I don't loose my temper, seldom if ever get mad.  I have a firm belief that I can fix or change just about anything so set my mind at work to solve the problem, not worry over it.  There are times when hard work and smarts can fix a lot of things, there have been times when violence was the solution. I can tell some real great stories about my construction company and the battles it had as  non-union company against the unions. Non of it pretty but in the end I was still swinging and fighting.  

*Your last two sentences are very positive. You don't have to keep up with everyone else buying the latest stereo. You often didn't bother listening to people when you were young.
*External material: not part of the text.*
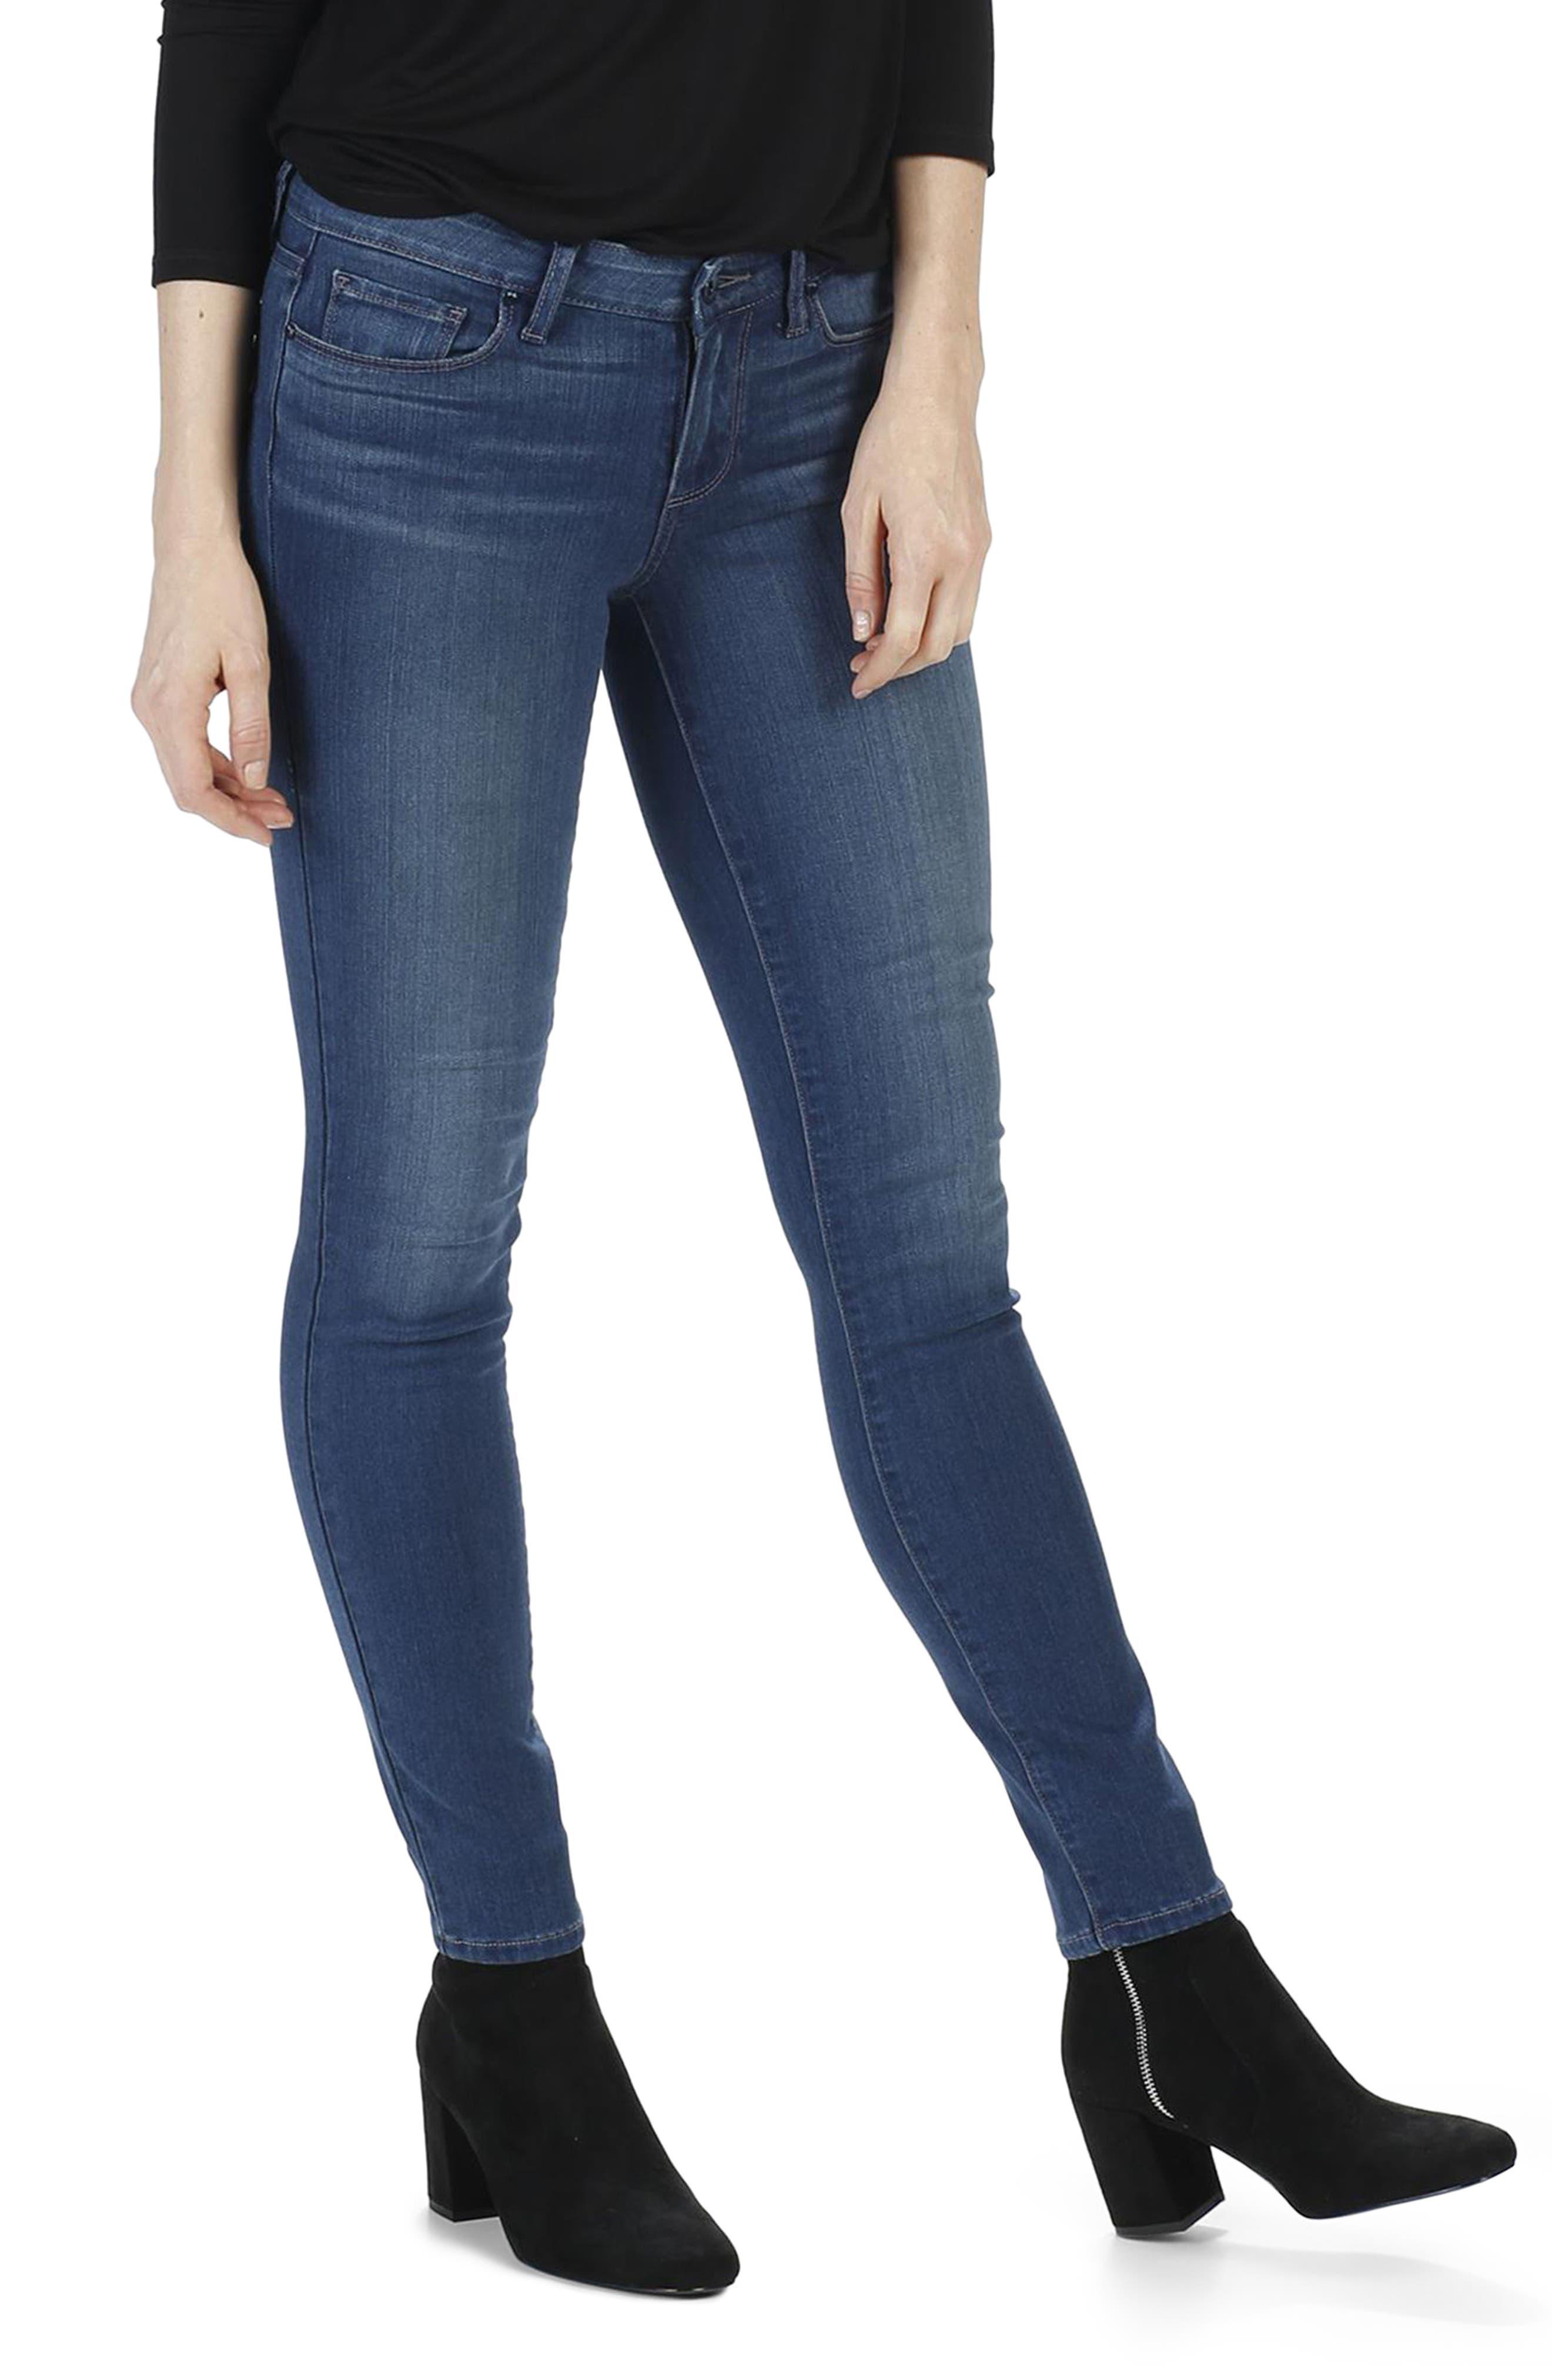 Alternate Image 1 Selected - PAIGE Transcend - Verdugo Ultra Skinny Jeans (Vida)

Now you do!!!!!*


I chose very carefully who I listen too, I have always sought advice from those who are skilled in things that I am not. I am a teacher myself in many respects, I mentor other businessmen who are starting out. Like all good teachers you must first be a good student. 

*I wish you good luck.


* Thanks I appreciate that, I did not mean to hijack your post but thought I could offer some first hand experience and insight into what you were trying to share..Bob


----------



## Misty Mirrors (Jul 10, 2014)

Hello Plastocweld.

It is good that you wake up happy. I quite often wake up thinking about one negative experience after another (resentment). I have to do mental and spiritual exercises to feel okay and face the day positively.

I think it is great that you feel you have control over your life. I quite often think I am a victim. But I am improving. Sometimes I think life is a challenge.

You say you had many battles with unions. You seem to be a "fighter". I had many defeats and not the same courage. I am improving however. I recently had a fight. I was on a board of a small charitable company. I lost. But I fought as well as I could at that time. Before the meeting I had two sleepless nights and a sore  stomach. I learned from the experience. If something similar will happen, I will do better. I did not loose my temper, did not get violent and did not shout. I am learning.

You say you choose very carefully whom you listen to. That is great!!!!! I have to get better at that. Thank you for that statement.

I don't feel you are hijacking my thread. I am happy with your sharing. I am learning from you.


----------



## Pandora (Jul 10, 2014)

Hi Misty, much to learn from Plasticweld, I am listening too. 

 Body language is so cool, I am a people watcher and love watching. I also love voices, they tell all. I can hear what goes on in the front office of our biz from my office and boy voices tell a lot. I love your post Misty, I'm a toucher, always have been, not a hugger but a toucher, big difference. All I really need is those eyes though, yep the eyes, one glance holds it all, add a smile and I am in heaven. 

This post is grand very much enjoyed and the replies!


----------



## Misty Mirrors (Jul 11, 2014)

Hello Pandora.

Thank you.


----------